Topps again issued a 132-card “Traded” set in 1994 the same as previous years; cards were numbered separately from the base set with a “T” suffix as #1-132. The set contains cards of rookies, draft picks, free agents and traded players (no new managers this year) and a 2-card tribute to Ryne Sandberg, who retired in the middle of 1994. The design is the same as the base set.
The set was issued again as a factory set, but the box design was no longer quite as square – this year it was only available in a colorful blue and black flat box with 3 rows for the cards once you opened it. There were actually 140 cards in the box – there was an 8-card “Topps Finest” insert set of 6 MVP and 2 Rookie of the Year candidates. They did OK in “guessing” these – they got Raul Mondesi for the NL RoY and Frank Thomas for the AL MVP, while Griffey (2nd) and Lofton (4th) were up there in the final MVP tally. But they missed on the unanimous Jeff Bagwell for NL MVO, while Matt Williams was close (2nd) but Maddux (5th) and Piazza (6th) weren’t really. They also missed on Bob Hamelin for Manny Ramirez. Ramirez was 2nd, but it wasn’t a close vote. I like that the Maddux card shows him batting.
After a lot of cards in the previous seasons, there is only one cards of Reds 1990 World Champion members.
- Chris Sabo signed as a free agent with Baltimore in the 93/94 offseason.
There are 3 Hall of Famers in the set.
- As mentioned, Ryne Sandberg retired in the middle of 1994 and had a 2-card tribute set. This was pretty cool – they had him pictured as a Phillie for the first time on a Topps card. The backs of the cards match the front – his Phillies stats are shown on the first card and his Cubs stats on the 2nd card.
- After being sent from the A’s to Toronto and contributing to the Blue Jays’ second straight World Series title, Rickey Henderson signed back with Oakland in the offseason for his third stint with the team.
- Eddie Murray signed as a free agent with Cleveland in the 93/94 offseason. He would have 2½ solid seasons as the Tribe’s DH, and he picked up his 3,000th hit with the team in 1995.
There’s also an NFL Hall-of-Famer – see anatomy of a trade cards below.
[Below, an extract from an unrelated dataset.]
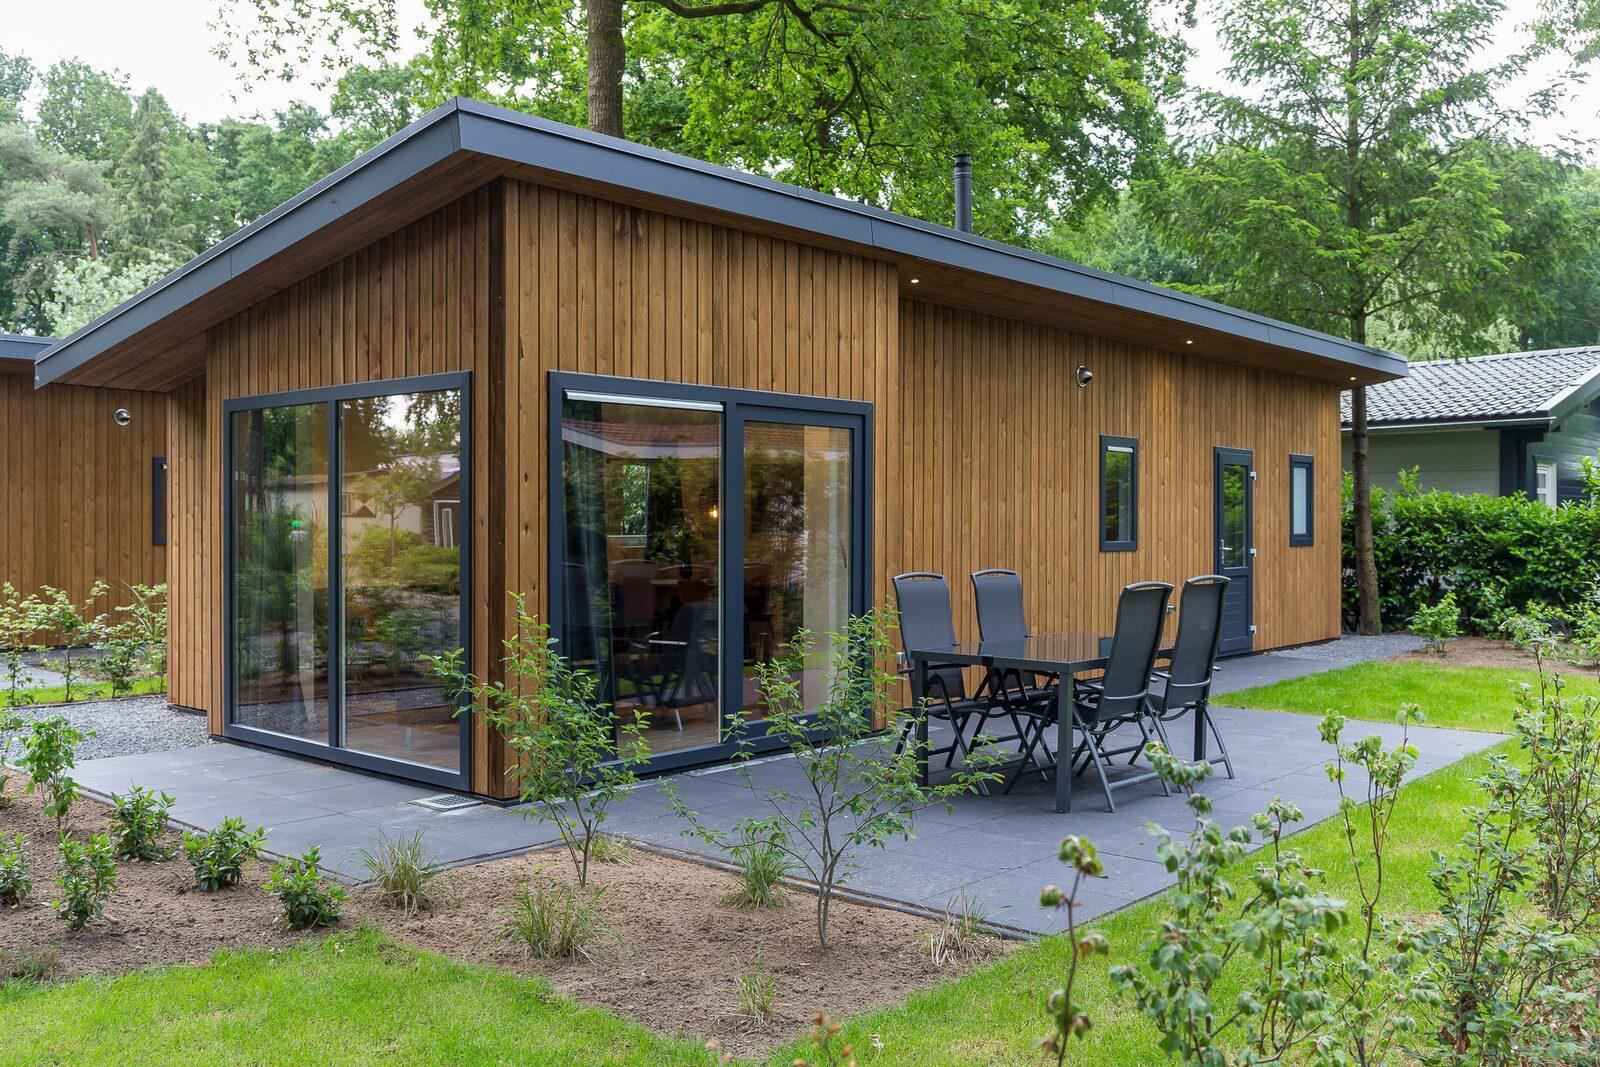 Wood Lodge Eco 6 personen Wellness

Topps didn’t feature players from Team USA after doing so in the previous 3 Traded sets. They did have a number of Draft Picks from the 1994 summer draft. Paul Wilson was actually given the #1 card. I didn’t know that Ben Grieve had a brother drafted the same year as him – kind of interesting. Ben was in high school, while his brother was 4 years older, so that’s what led to this.
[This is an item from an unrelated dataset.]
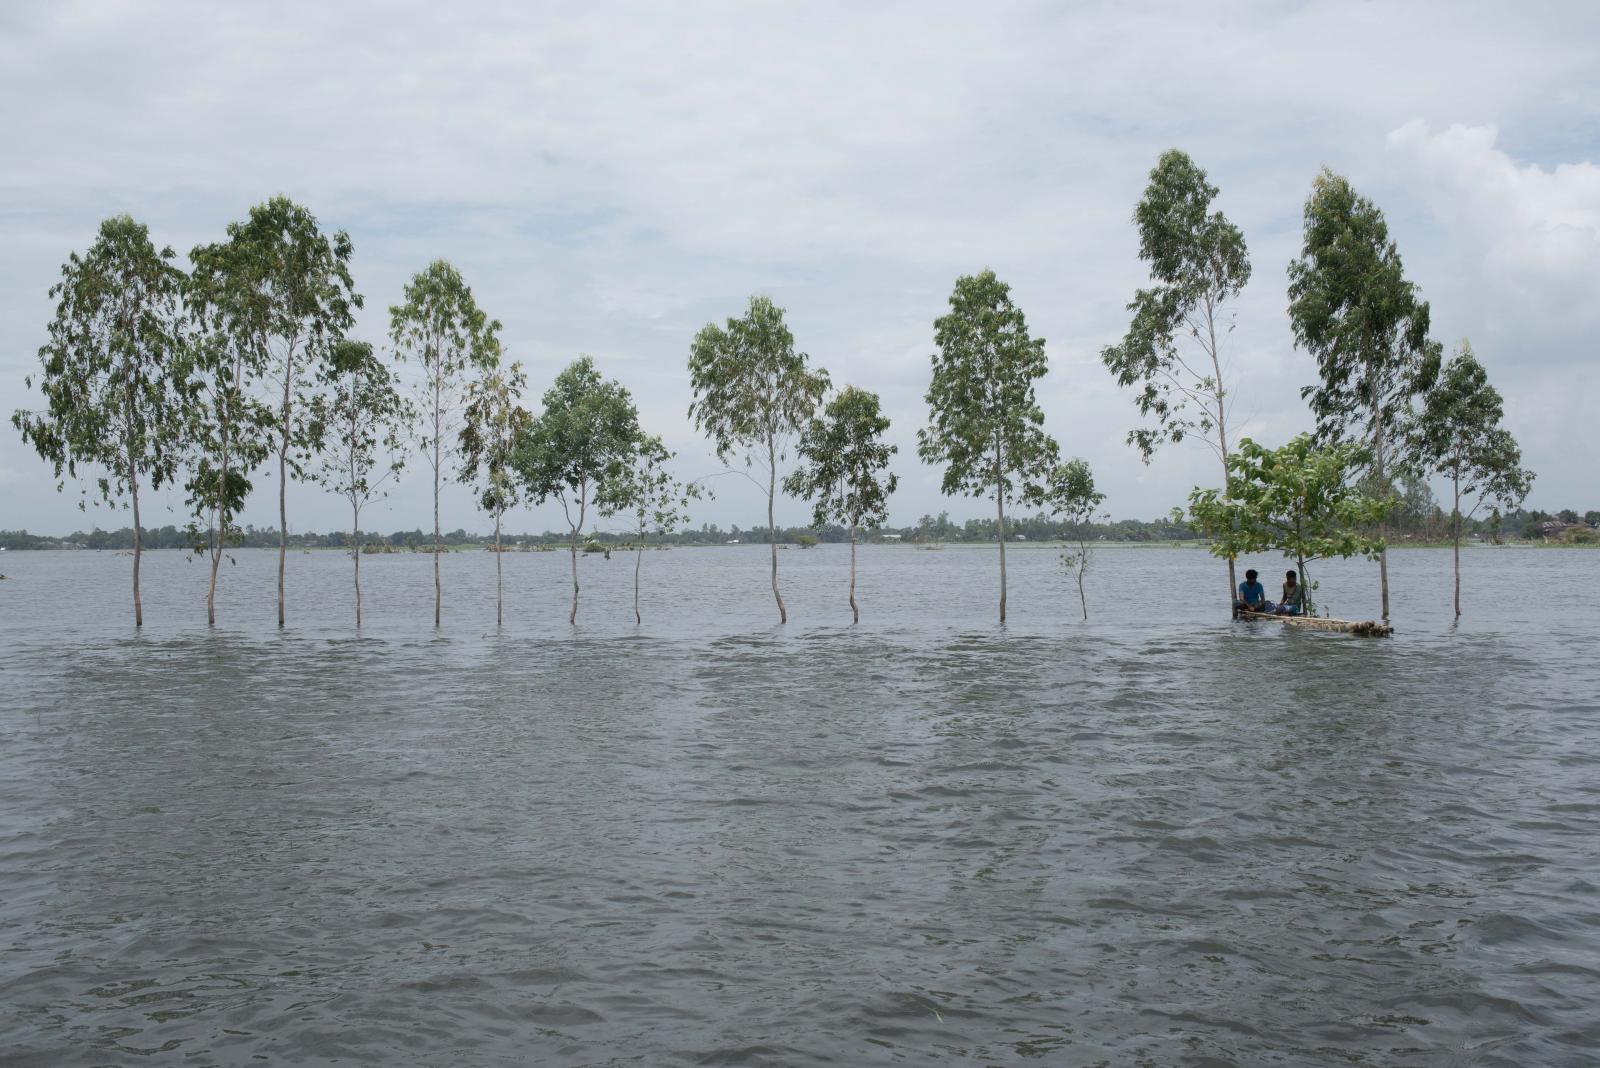 Photography image - Loading 20200811-Depth_Of_Flood14.jpg

There are also some other “rookie” players worth showing here. The biggest by far – and the only one that really gives this set any “value” – is the Paul Konerko rookie card. He’s starting to get into borderline HOF territory – and I remember when the Reds had him very briefly! Jason Schmidt has a rookie card – it’s the only card dressed as the Top Prospects subset in the Traded set. The biggest rookie at the time was probably Chan Ho Park. I remember when he was a big deal – the first Korean born pitcher to make the big leagues. Park pitched in the majors last in 2010 for the Pirates. He pitched in Japan last year and issigned to pitch in the Korean major leagues next season.
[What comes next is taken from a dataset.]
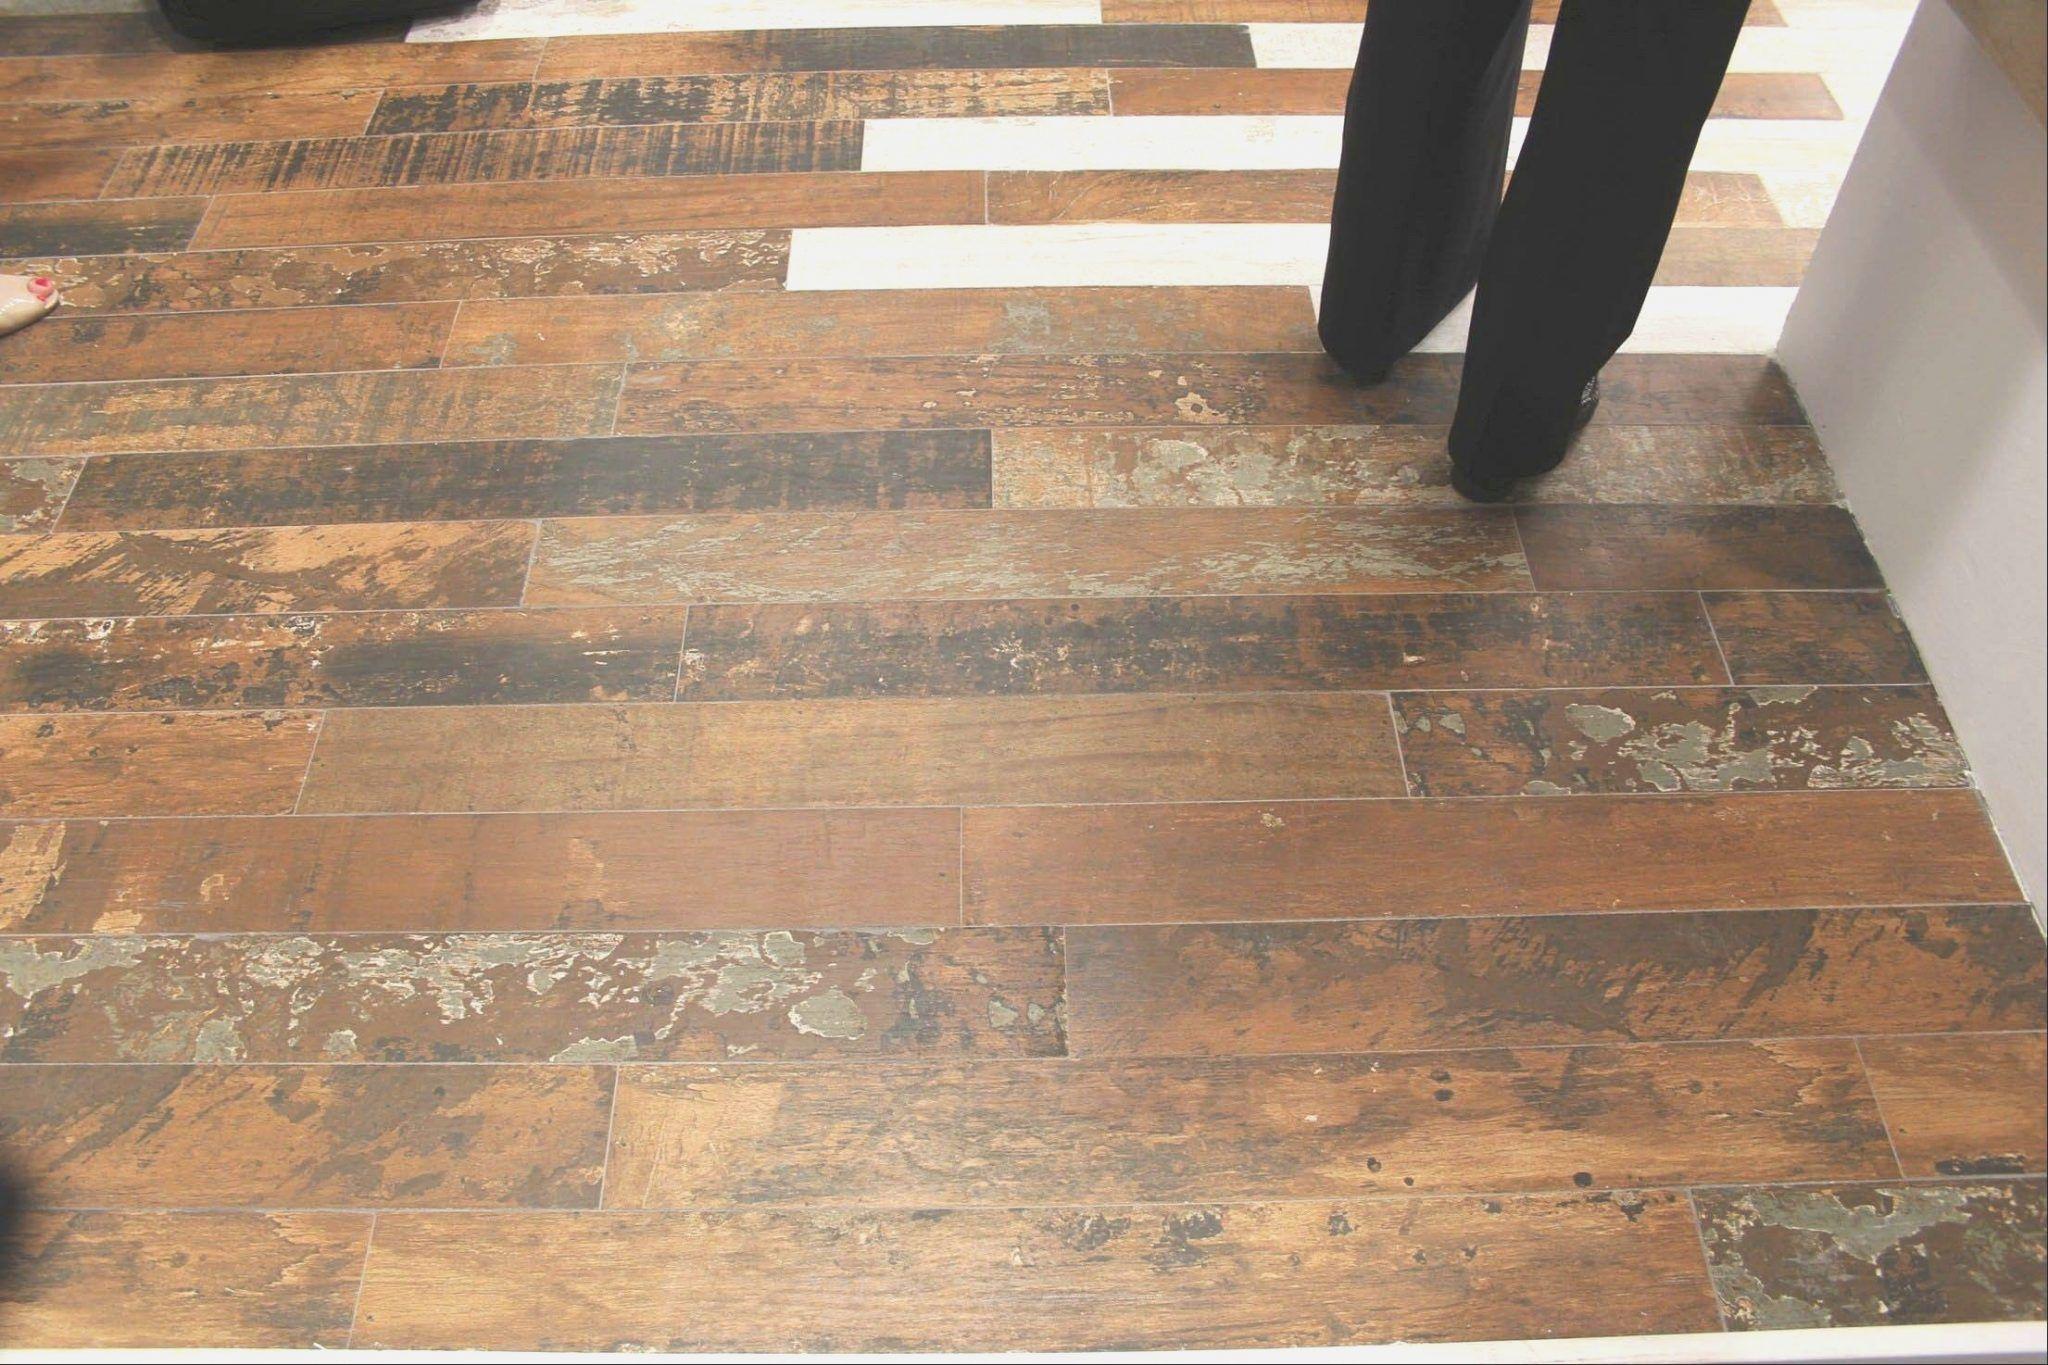 Home Depot Kitchen Floor Tile home depot floor tiles for kitchen

There were some big free agent / traded players in this set. I remember Will Clark being the biggest name – though he only had a couple of good seasons in Texas and left in his career. Palmeiro and Vizquel had the most left – it will be interesting to see if Omar hangs on for another year (he’s 150 hits from 3,000). Ellis Burks and Bret Boone both had some near-MVP seasons left, though Boone’s best came when he went back to Seattle. And the Reds got Gant for very cheap in the middle of 1994 after he was hurt in a motorcycle accident and the Braves got out of the big contract he’d just signed. He won the Comeback PoY and helped them to the 1995 playoffs.
There were also the typical guys who were really hanging on to long – though El Presidente did have a couple of decent seasons with Cleveland and Lee Smith did the same with Baltimore.
Topps added a few subsets to this Traded set – like the Sandberg, Draft Pick and Prospects cards shown above. They also had one Future Stars card of Paul Shuey, who didn’t end up fitting that bill. The most interesting subset was the “Anatomy of a Trade”. This was 2 cards that looked at trades between Montreal/Los Angeles and Cincinnati/Atlanta. It’s interesting – both were trades that helped each team, though the DeShields trade wasn’t nearly as good for LA in the long run. And if Pedro had become as dominant in LA, they would have had a much better chance signing him long-term. I remember when the Reds got Neon Deion – it was pretty exciting.
Lastly, Shawon Dunston is in this set with the Cubs. I find this interesting because he doesn’t fit the bill for a Traded set in any way. He played for the Cubs in 1993, and he was still with them in 1994.